The data providing node 120 can be used to obtain private data from local data including private data and first non-private data, the first non-private data is associated with the private data; generate a hash value (PHash) of the private data; generate a hash value (PHash) for the local A first association (LID-PHash) between the local identifier (LID) of the data and the hash value; generate a global identifier (GID, Global ID) for indexing the hash value in the distributed system 100, distributed The system 100 associates with the current node; generates a second association (GID-PHash) between the global identifier and the hash value; n and the data usage node 110) send the second association to store the second association in the distributed system 100 for connection sharing of the first non-private data.

In addition, the data providing node 120-1 can also be used to obtain the first attribute information of the first non-private data from the current node; 2 to 120-n) Obtain one or more second attribute information of one or more second non-private data, and one or more second non-private data are associated with private data; based on the second association, generate Federation metadata (Federated Metadata), federated metadata at least includes the global identifier, the association between the first attribute information and one or more second attribute information; and other nodes in the distributed system 100 (such as data Provider nodes 120-2 to 120-n and data usage nodes 110) send joint metadata to store joint metadata in distributed system 100 for the first non-private data and one or more second non-private data Data connection sharing.

The data usage node 110 can be used to generate data condition information based on the joint metadata stored in the distributed system 100. The joint metadata includes at least the association between the global identifier and multiple attribute information of multiple non-private data, and the global identifier The symbol is associated with the hash value of the privacy data, and the privacy data is associated with a plurality of non-privacy data, and the plurality of non-privacy data are located in the multiple data providing nodes 120 in the distributed system 100; sending data to the multiple data providing nodes 120 request, the data request includes data condition information; and at least one item of non-private data matching the data condition information is received from at least one data providing node among the plurality of data providing nodes 120 .

Thus, through the first association between the local identifier of the local data and the hash value of the private data stored locally and the second association between the global identifier and the hash value of the private data stored in the distributed system Two associations can safely share non-private data on the premise of protecting local private data.

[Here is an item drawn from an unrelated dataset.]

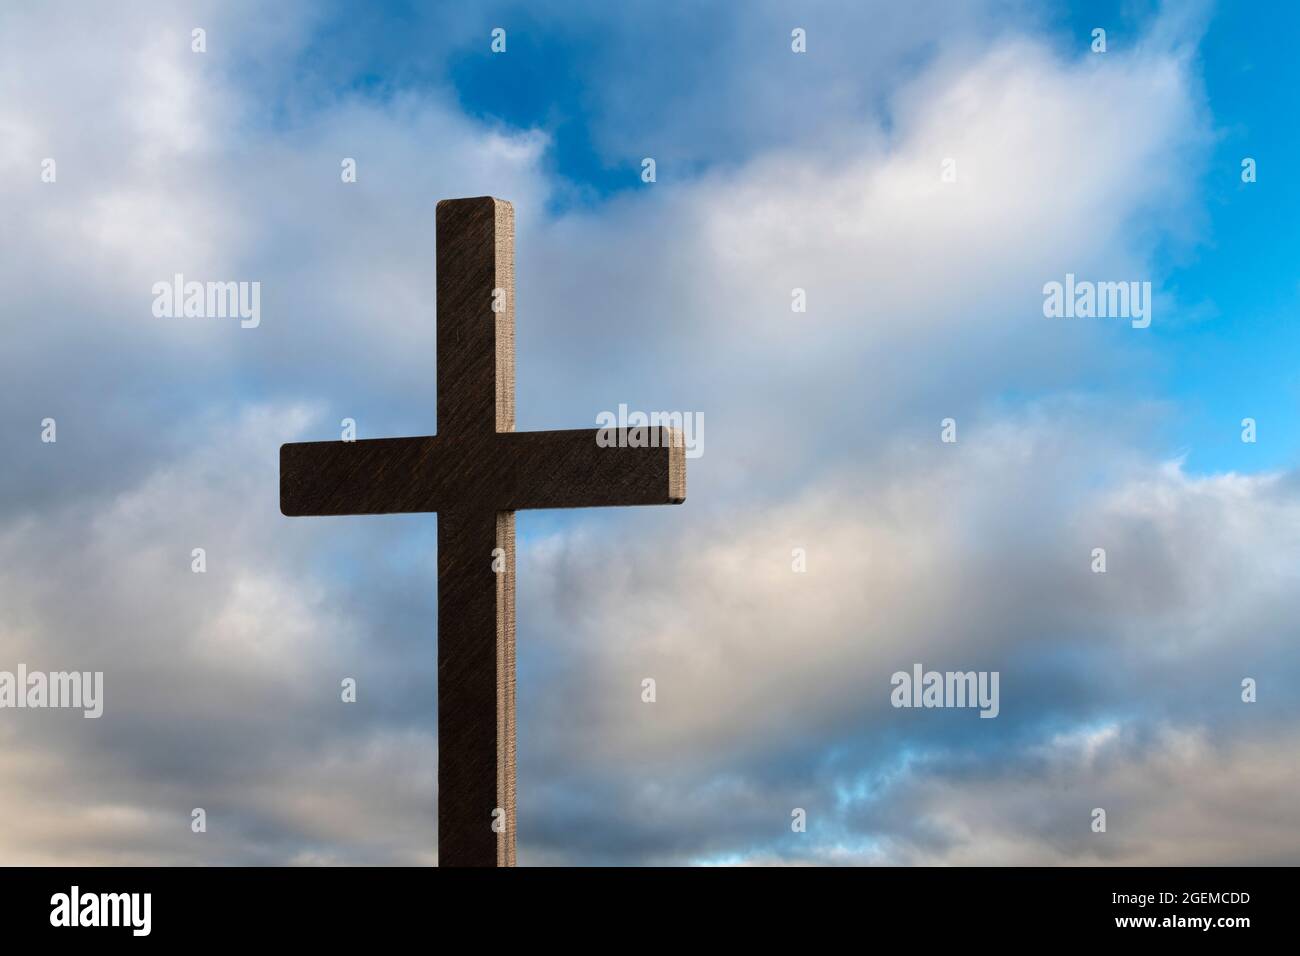 Dramatisches Bild mit einem religiösen Kirchenkreuz, eingerahmt von einem blauen, wolkigen Himmel. Platz auf der rechten Seite des Kreuzes kopieren. Stockfoto

In addition, the second association between the global identifier stored in the distributed system and the hash value of the private data also facilitates associating different non-private data at different nodes in the distributed system for data analysis and model training. In addition, by storing joint metadata associated with different attribute information of different non-private data at different data providing nodes in the distributed system, the data using nodes can easily know what information exists in the entire system without knowing any private data. attribute information.

Fig. 2 shows a flowchart of a method 200 for data sharing according to an embodiment of the present disclosure. For example, the method 200 may be performed by the data providing node 120-1 as shown in FIG. 1 . It should be understood that method 200 may also include additional blocks not shown and/or blocks shown may be omitted, and that the scope of the present disclosure is not limited in this respect. It should also be understood that although the data providing node 120-1 is used as an example for illustration, it may also be implemented by other data providing nodes 120-2 to 120-n, and the scope of the present disclosure is not limited here.

At block 202, the data providing node 120-1 obtains private data from local data including private data and first non-private data, the first non-private data being associated with the private data.

For example, private data may include but not limited to ID card number, name + address zip code or name + mobile phone number, etc.

At block 204, the data providing node 120-1 generates a hash value (PHash) of the private data.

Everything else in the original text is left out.